Founder Mode is about control. It’s about recapturing what made the company successful in the first place, which is intrinsically connected to the founder and their abilities to execute. Working hard is a byproduct.
If everything that happens within a company is ultimately the responsibility of the founder…
Maybe the founder should make more of the decisions; and,
Maybe the founder should do more of the work and not delegate quite as much.
That’s it. That’s Founder Mode.
Founders started their companies with a mission—a drive to accomplish something. Founders started their companies as individual contributors and had to be exceptional, otherwise they wouldn’t have made any real progress.
Most founders, even when they’ve “won” don’t think that they’ve won (or don’t care about others declaring victory). They’re hyper-competitive and determined to keep going. Early on they knew everything going on, had their hands in most things and were able to see the playing field differently from everyone else. That allowed them to connect dots better than anyone, and forced them to make decisions quickly.
Connecting dots is not an easy skill. It requires being able to constantly jump between a 20,000 foot strategic level and a 2 foot execution level. It’s about seeing around corners, identifying trends, placing bets, knowing people, and jumping on opportunity. It’s about guessing as much as it is about knowing, but having the confidence to guess, jump and literally build the plane on the way down.
Taking ownership & responsibility is also not easy. Founders either do this constantly (if they want any chance of succeeding) or they fade away. Founder Mode is about taking responsibility and acting on it. It’s about owning things, not simply managing people and empowering them to own things. Founders don’t always know best, but it’s still their company.
Founder Mode in Action
I’ve seen Founder Mode in action, albeit not in a big company (although Marc Benioff was pretty hands on when I was at Salesforce). Turns out, even when you hit 20 or 30 employees, silos start to form and the CEO/founder begins to abstract themselves out of day to day activities. I’ve lived this a few times.
While working with a 100+ person company (not as an employee), I saw the founder empower everyone else, only to see things slow down significantly. The company lost its edge. Things bogged down in a similar (albeit smaller) fashion to a 10,000 person company. I think this happens to every startup as it grows. The company raises capital and decides that the solution to every problem is hiring more people. Suddenly the startup has a bunch of specialists (as opposed to “generalist-specialists” which I prefer) all seemingly doing stuff (keeping busy) but not driving real outcomes. Politics, egos and fiefdoms emerge. The founder is spending more time trying to develop a multi-year strategy, raise more capital and create the right culture, while day-to-day operations grind to a near halt.
Founders can’t do everything on their own. While control and active, execution-focused leadership may surface to the top, companies still need people doing great work. That means setting clearer expectations, faster. It’s about increasing accountability and holding people to it.
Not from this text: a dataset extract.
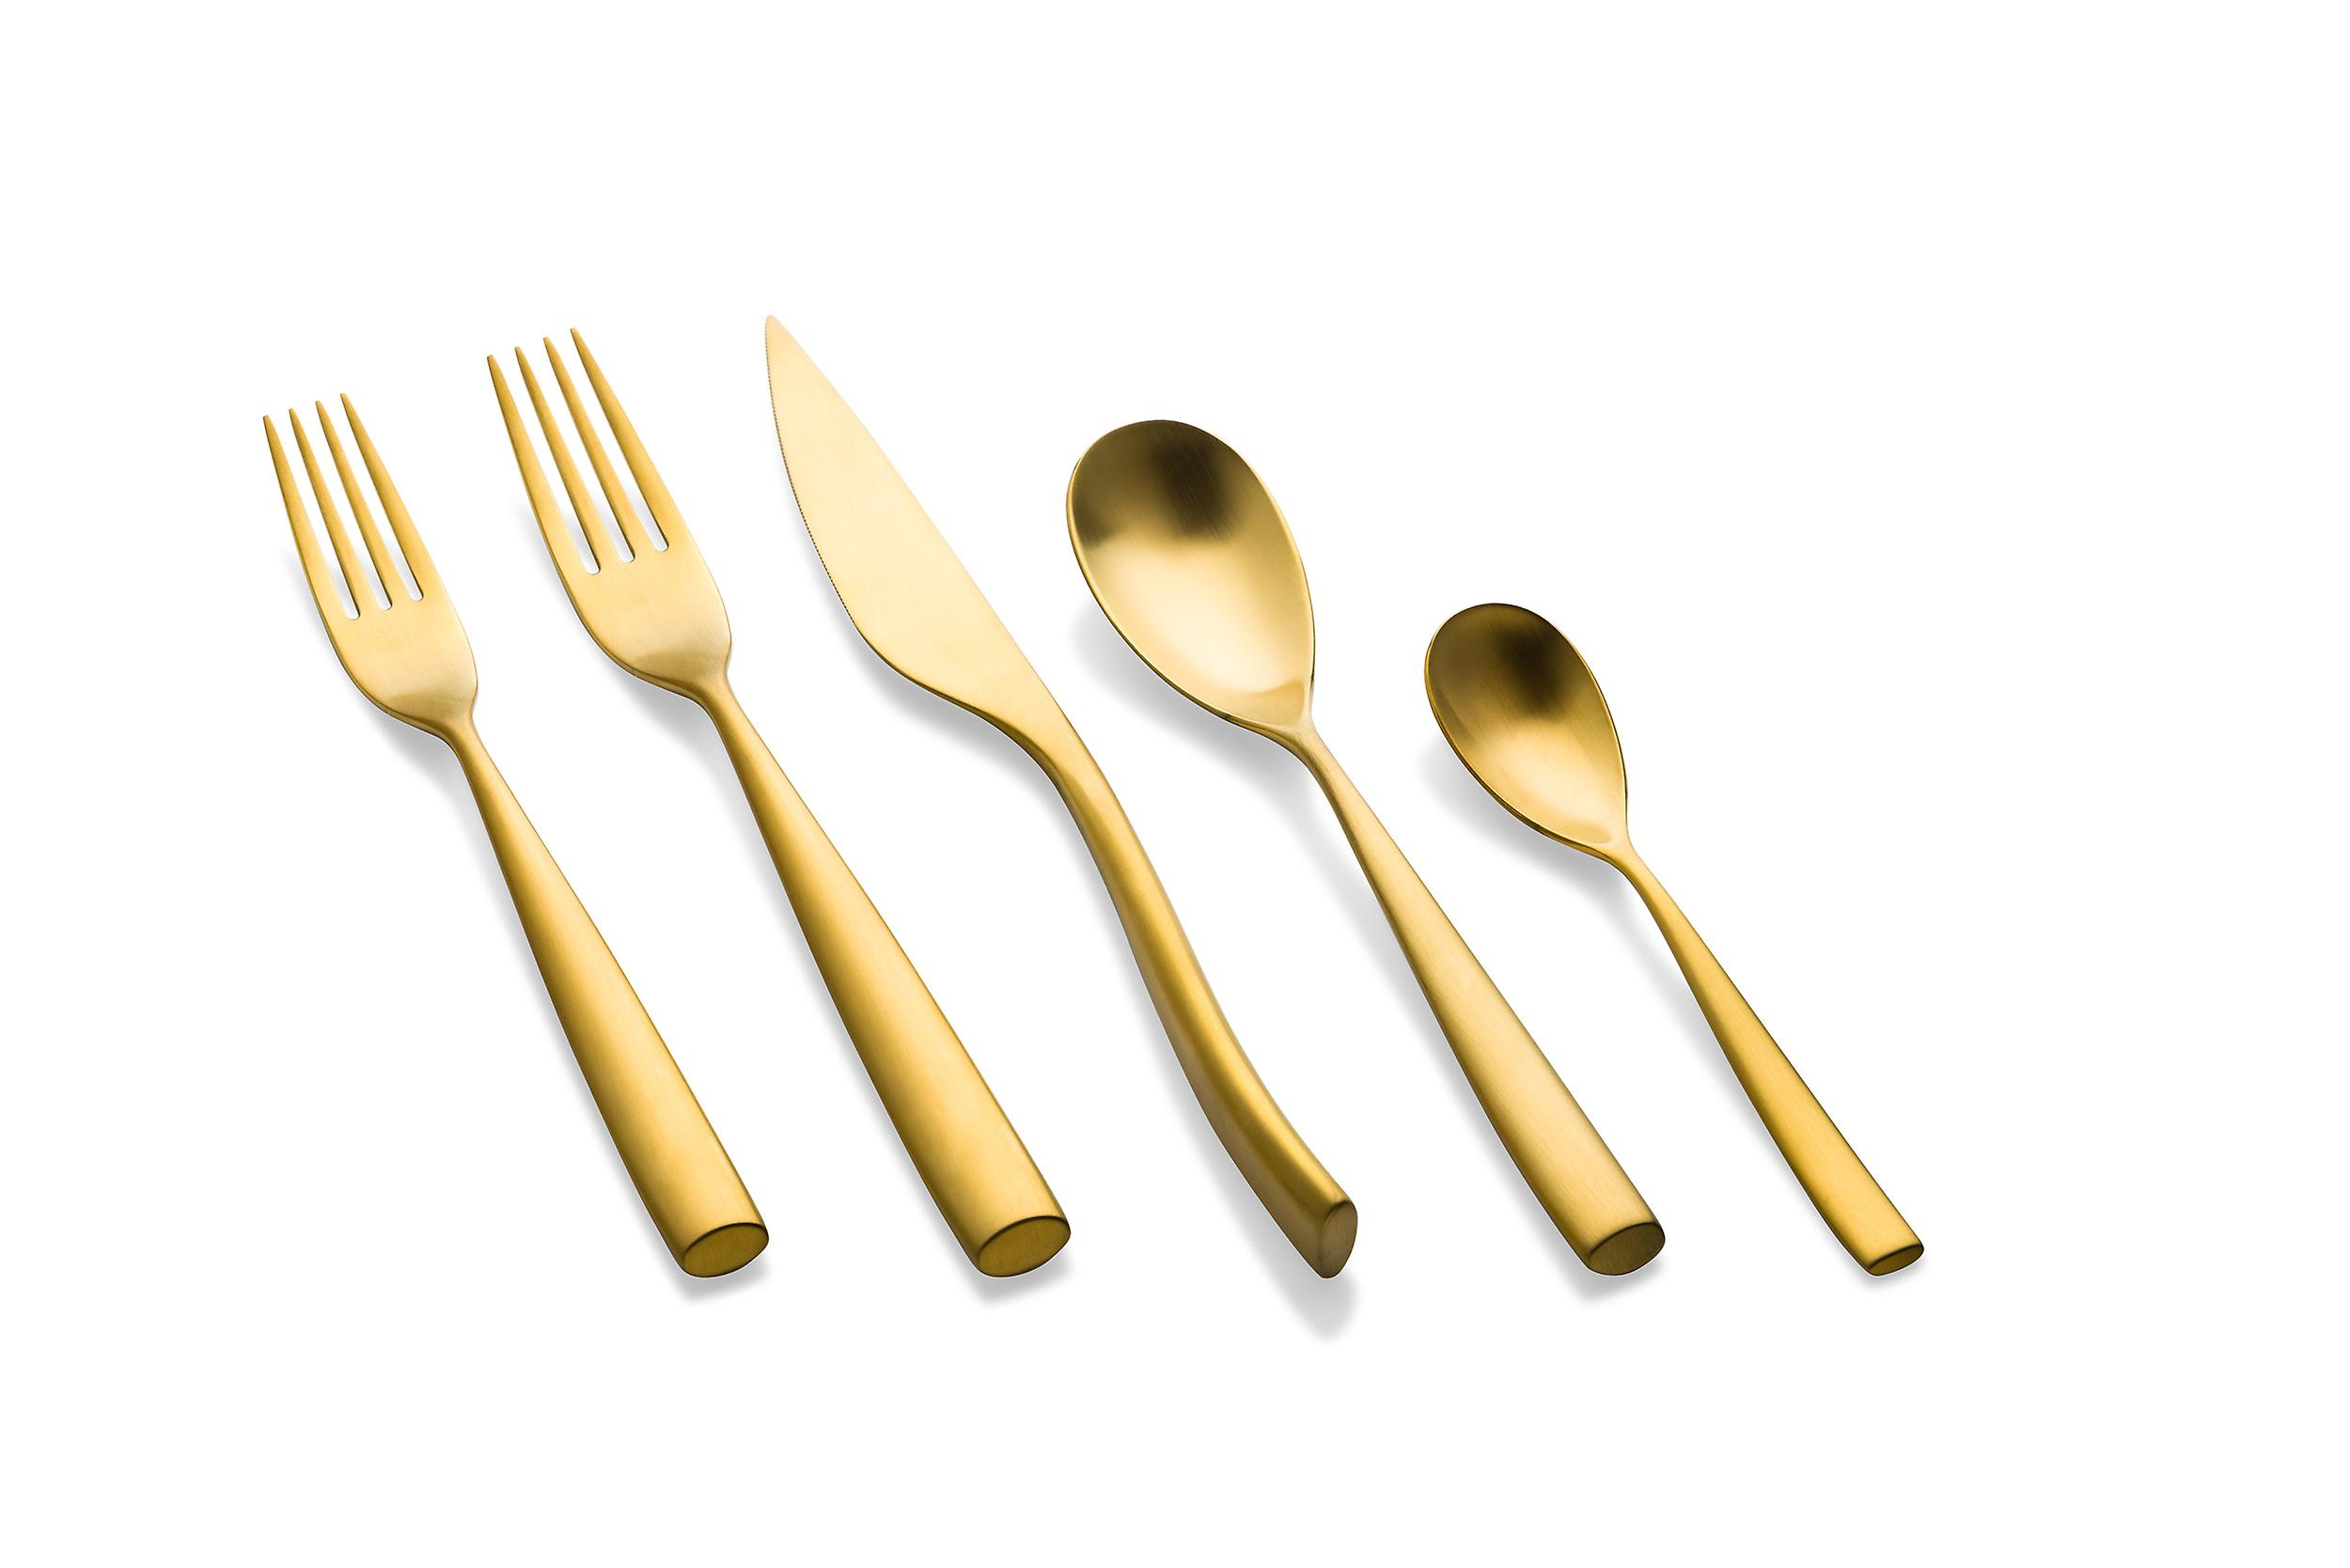 Mepra Arte Ice Oro 5 pcs flatware set

Realistically it requires a lot less sensitivity and a hell of a lot more intensity.
Once founders realize they can still do stuff in the weeds and make active decisions on what seem like minute details they accomplish more because it’s what they know. It’s leading by example, not leading by talking, organization or cajoling.
I’ve always believed we need more founders. ❤️
Founders have a level of ambition and courage that’s rare. We could use more ambition and courage in the world, focused on solving big problems that matter. Founder Mode is a recognition that as companies scale in the traditional approach, the very thing that made founders special becomes obsolete, because founders are expected to operate differently. But founders were meant to:
Lead execution, not just manage people.
Dictate things, not delegate everything.
Lean in, not lean back and let others do the work for them.
Founders are crazy. And that’s a good thing.
> I get it, managing people is work, it’s just not the type of work that generates the most value.
Isn't it true that managers are compensated more than ICs (other things being equal). And does that not imply they generate more value?